Thus, according to block 502, an LLM is used to generate a database search query (e.g., a JSON search query). A JSON is an open standard file format and data interchange format that uses human-readable text to store and transmit data objects consisting of key-value pairs and arrays. At any point during block 500 and 502, the search can be subject to user modification. For example, a user may input a plain language search (or any other type of search) and then be allowed to make changes to that search before the platform server sends that search out to an LLM for conversion into a JSON search query. In another example, once the JSON search query is generated by the LLM, the search can be subject to user modification. Thus, the platform server would use the LLM to generate a JSON search query, send that search back to the user for modification, and then receive a modified search from the user that it can then use to search the database.

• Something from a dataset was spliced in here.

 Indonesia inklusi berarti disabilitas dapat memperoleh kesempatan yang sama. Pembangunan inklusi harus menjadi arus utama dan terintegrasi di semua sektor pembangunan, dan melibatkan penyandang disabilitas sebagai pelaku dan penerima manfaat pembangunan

Block 504 thus shows a JSON search query created using the instructions shown above and that is accessible to a user. The instruction, “document type”: {“$eq”: “driver's license”} causes a search for documents that have an “document type” key having a value that “driver's license” (i.e., find driver′). The instruction, “expiration Date”: {“$lt”: “2023 Dec. 15”} requires that the search result only include those documents that have a value for the key “expiration date” that is less than 2023 Dec. 15 (i.e., driver's licenses that expired before that date, which would be the current date in such query). Finally, the instruction “dateOfBirth”: {“$It”: “1983 Dec. 15”} restricts search results to driver's licenses where the “date of birth” key has a value is that is less than 1983 Dec. 15 (i.e., the person is older than the age of 40 as of the date the query was created-in this case 1983 Dec. 15).

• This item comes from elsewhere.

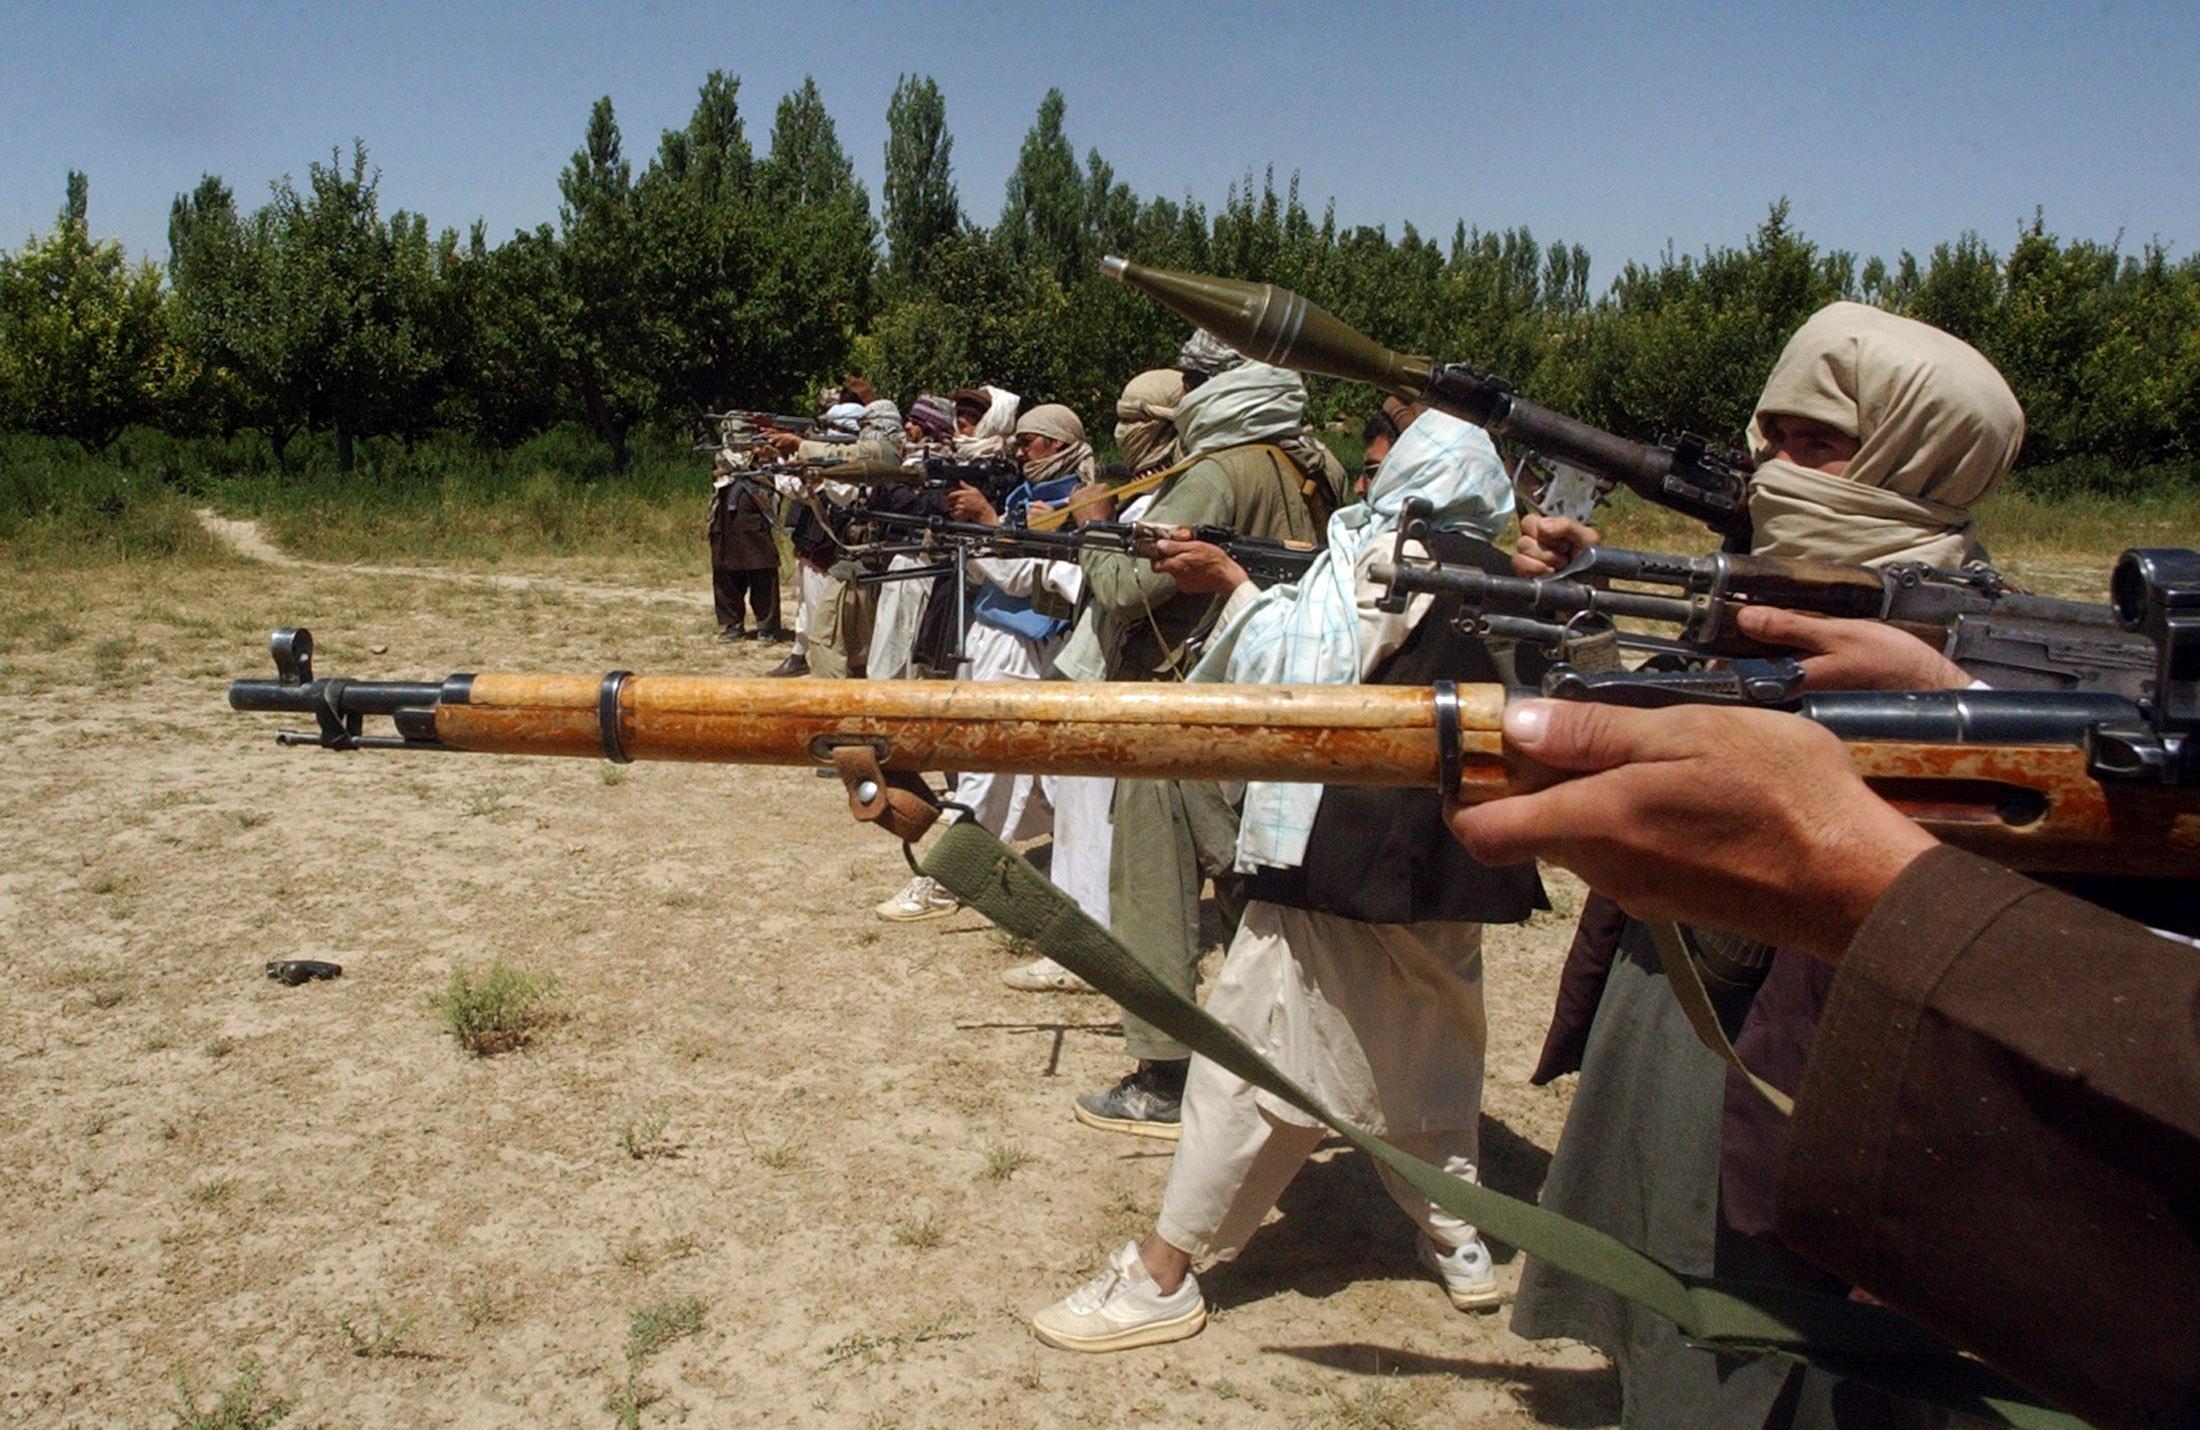 Αφγανιστάν: Οι Ταλιμπάν ισχυρίζονται ότι ελέγχουν μεγάλο μέρος του αεροδρομίου της Καμπούλ – Διαψεύδει το Πεντάγωνο

The search shown in block 504 features fewer search terms than are shown in block 506, because block 506 shows a JSON search query that the platform server would have access to (as opposed to block 504, which shows a JSON search query that a user would have access to). Thus, block 506 includes, for example, a restriction that requires a “flowUUID,” and it includes the specific user's flowUUID. The instruction “flowUUID”: “1234-5678 . . . abcd” requires that the platform server search only for those documents associated with that flowUUID. Thus, the key is flowUUID and the value paired with that key is “1234-5678 . . . abcd.” This portion of the JSON search query cannot be shown to end users because it would allow end users to modify the flowUUID to potentially gain access to documents and information in the database that does not belong to them. Allowing users to change only certain aspect of a JSON search query can therefore be a matter of document security.
Thus, by adding a flowUUID into the JSON search query, a search can be restricted to only those documents that a specific user has access to (e.g., documents that a specific user uploaded to the platform server and are associated with that user's account). The search shown in block 506 additionally includes the plain text of the search used to generate the JSON search query. This is presented as another key-value pair: “freeText”: “Show me driver's licenses that are expired for people over the age of 40?” Because some information cannot be categorized as key-value pairs (e.g., the terms of an NDA or another document that is primarily written in long form), including the full text can facilitate searching a database using a text search. This can be especially useful in unstructured documents.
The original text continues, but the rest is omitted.